The ECB’s elevation of the Iran conflict to a core inflation variable, rather than a transitory shock, represents an institutional acknowledgment that geopolitical risk can no longer be treated as exogenous to monetary policy. Lagarde’s “material impact” language is central bank code for “this changes our reaction function.” The UK’s gilt yield surge to 4.9%—highest in 15 years—shows what happens when energy shocks hit economies with limited fiscal space: bond markets reprice sovereign risk, forcing austerity even as recession looms. The BoE faces a choice between fighting inflation and supporting growth, and the gilt market is pricing in a policy error either way.
Trump’s signals of potential Iran de-escalation create a binary risk model for energy markets: either the conflict winds down rapidly, triggering a $30+ correction in crude, or the de-escalation rhetoric proves premature and oil tests $150. There’s little middle ground. The problem is that proxy forces—Hezbollah networks in the UAE, Houthi shipping interdiction, Iraqi militia strikes—operate with semi-autonomy that complicates any centralized de-escalation. Even if Tehran wanted to wind down, can it deliver? The UAE’s dismantling of an Iran-Hezbollah terror network targeting financial infrastructure suggests the proxy war is expanding in scope even as direct military operations attract headlines.

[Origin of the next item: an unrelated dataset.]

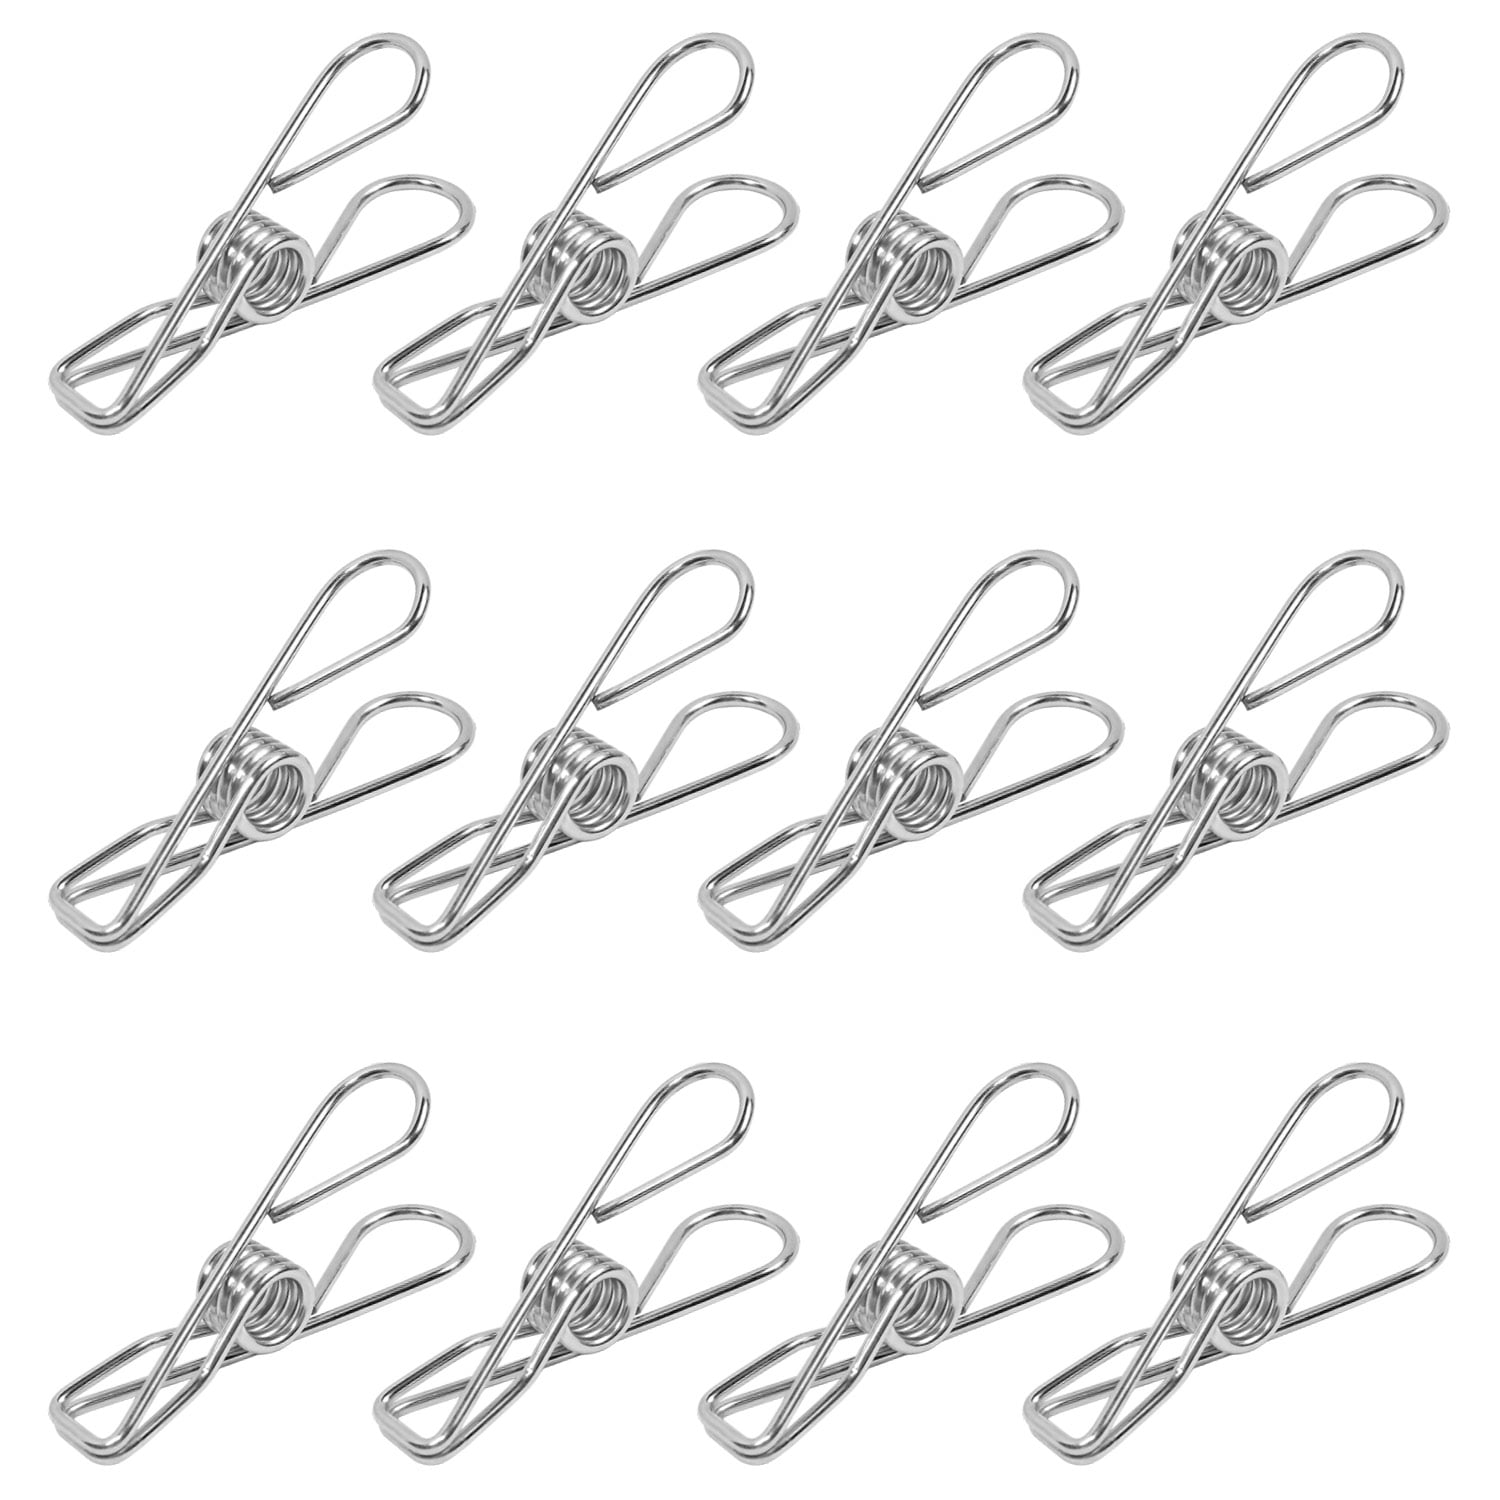 FEIGO 80pcs Stainless Steel Clothes Pins Multi-Purpose Stainless Steel Wire Hooks for Home/Office Cord Clothes Pins Utility Clips

For Asia, this convergence creates a perfect storm: energy import bills surging, currency defense draining reserves, China weaponizing its own commodity exports, and the technological decoupling accelerating through export control enforcement. The region that benefited most from globalization’s upside now faces its downside in concentrated form—and the policy tools to manage it are limited. Central banks can defend currencies or support growth, but not both when energy is repricing by 50%+. Governments can subsidize fuel or maintain fiscal sustainability, but not both when revenue models assume economic expansion. The choices being forced now will reshape Asia’s economic and geopolitical alignment for the next decade.
What to Watch
- Saudi Arabia’s April production decision: If Riyadh follows through on warnings and doesn’t increase output to offset Strait closures, $150+ oil becomes the base case by mid-Q2, forcing Fed hawkish pivot despite growth deceleration.
- India’s weekly reserve data: If drawdowns continue at $10B+ weekly, RBI will face a choice between rupee defense and import financing within 8-12 weeks—watch for capital controls or emergency swap line negotiations.
- Iran de-escalation verification: Trump’s rhetoric requires proof of Strait reopening or production restoration; absent concrete evidence by month-end, markets will reprice the de-escalation narrative as positioning rather than policy.
- Super Micro legal proceedings: Discovery phase will reveal how widespread GPU smuggling infrastructure is across semiconductor supply chain—potential for additional indictments of executives at other Nvidia partners.
- ECB March decision language: Watch for explicit acknowledgment that energy shock alters terminal rate assumptions; any guidance suggesting higher-for-longer rates despite growth weakness confirms stagflation policy trap.